Synonymous (Ks) and nonsynonymous (Ka) values were used to explore the selective pressure on duplicated BnLEA genes. In general, a Ka/Ks ratio greater than 1 indicates positive selection, a ratio less than 1 indicates functional constraint, and a Ka/Ks ratio equal to 1 indicates neutral selection37. The orthologous LEA gene pairs between the B. napus and A. thaliana genomes were used to estimate Ka, Ks, and Ka/Ks (Table 2). The results revealed that most of the BnLEA genes have Ka/Ks ratios greater than 0.1. However, the lowest Ka/Ks ratio is only 0.0179 (BnLEA48), and the highest Ka/Ks ratio is 0.6434 (BnLEA3). The genes of the LEA_3 and LEA_6 families exhibit relatively high Ka/Ks ratios, whereas the LEA_2 and LEA_5 gene families have lower Ka/Ks ratios. The Ka/Ks ratios of the other families are 0.2–0.3. These findings indicate that LEA_2 and LEA_5 genes might preferentially conserve function and structure under selective pressure.

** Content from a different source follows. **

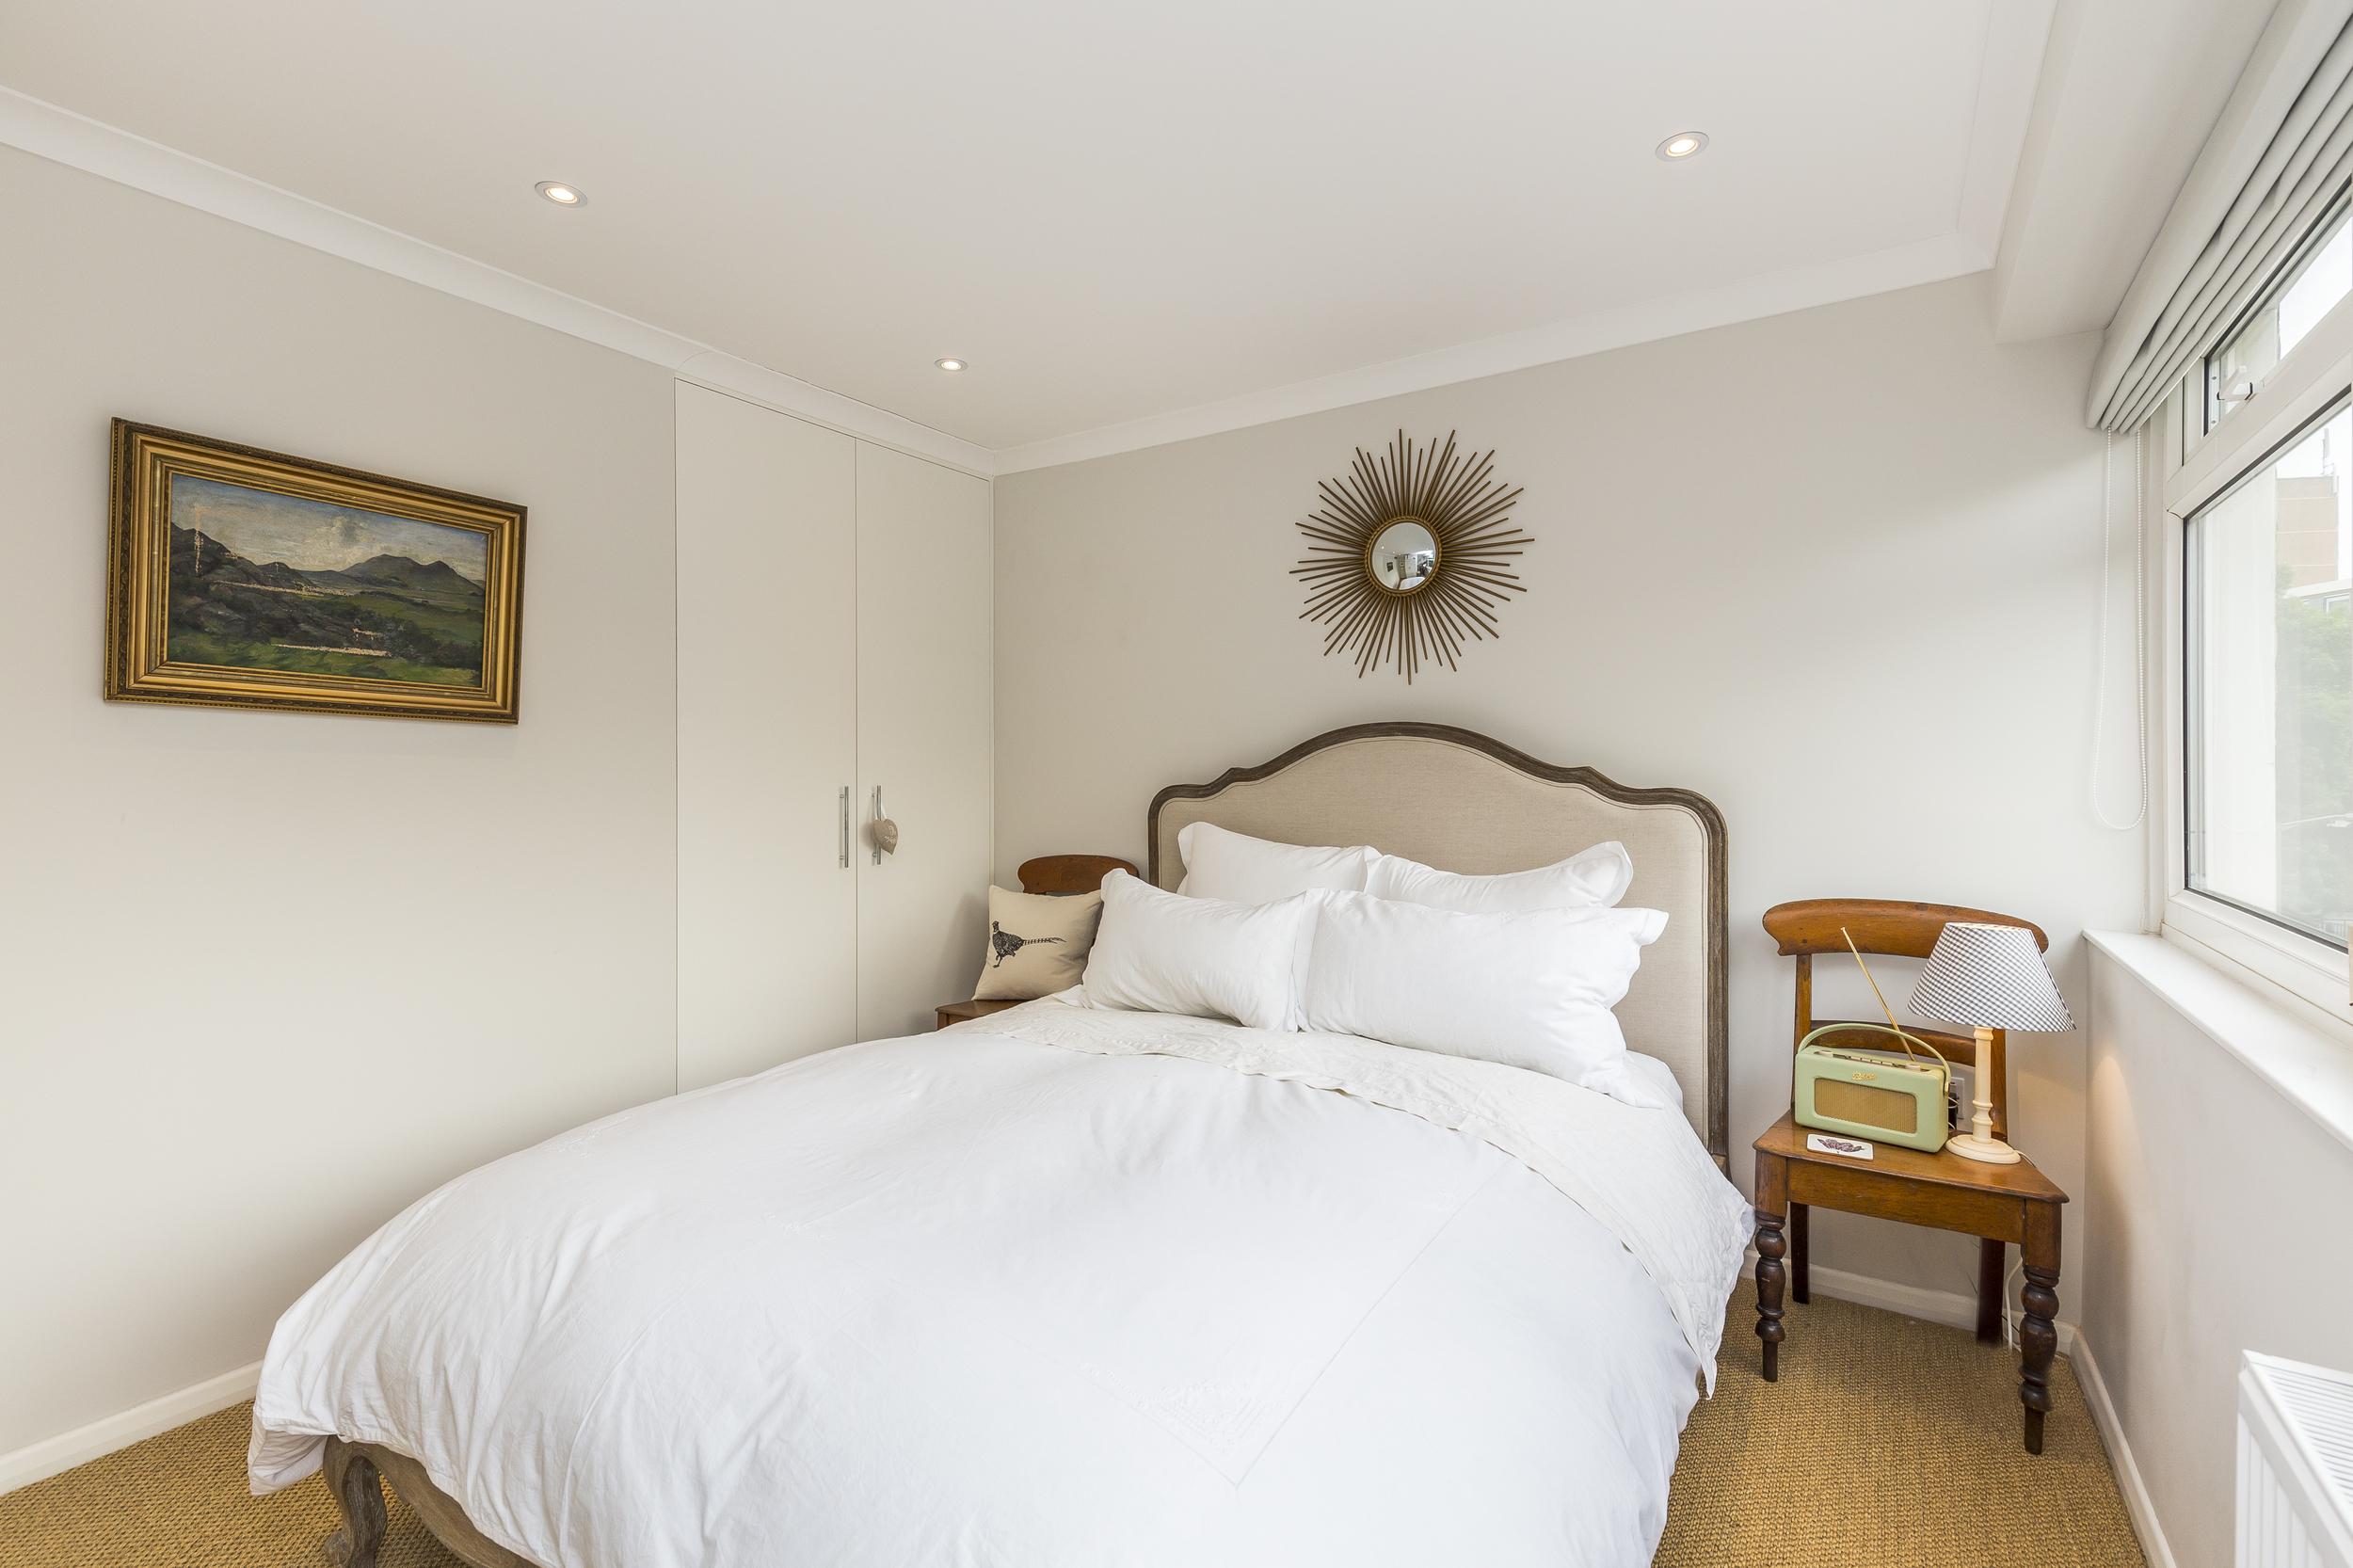 Sheepcote Lane 96 - bed-2.jpg

Expression profiles analysis of BnLEA genes in different tissues
To investigate the expression pattern of LEA genes in B. napus, the qRT-PCR of BnLEAs genes were performed. The present results indicated that the accumulation of BnLEA genes was associated with different tissues, and the expression pattern also differed among each LEA gene family (Fig. 7). Pair-wise genes showed similar expression pattern, further analysis revealed that the expression of more than two thirds of BnLEAs were increased in leaf, especially BnLEA91 and BnLEA43. Compared with the early developmental stage seeds (19 weeks after seeding), late stage developmental seeds (40 weeks after seeding) showed much higher expression level of BnLEAs, for example, BnLEA93 and BnLEA34. Leaves are sensitive tissues in stress environment, they become wilt or died in stress condition and affect the photosynthesis in plants1. Late developmental stage seeds frequently suffered from dehydration, the present reported high expression of BnLEA genes in the late developmental stage seeds was consistent with reported LEA protein function7. Interestingly, some phylogenetic gene pairs have different expression pattern (BnLEA7/BnLEA9, BnLEA25/BnLEA26, BnLEA60/BnLEA61, BnLEA91/BnLEA93). The result suggests even if these genes contain close phylogenetic relationship they may develop different biological function.
Figure 7
Hierarchical clustering of the expression profiles of BnLEA genes in different tissues.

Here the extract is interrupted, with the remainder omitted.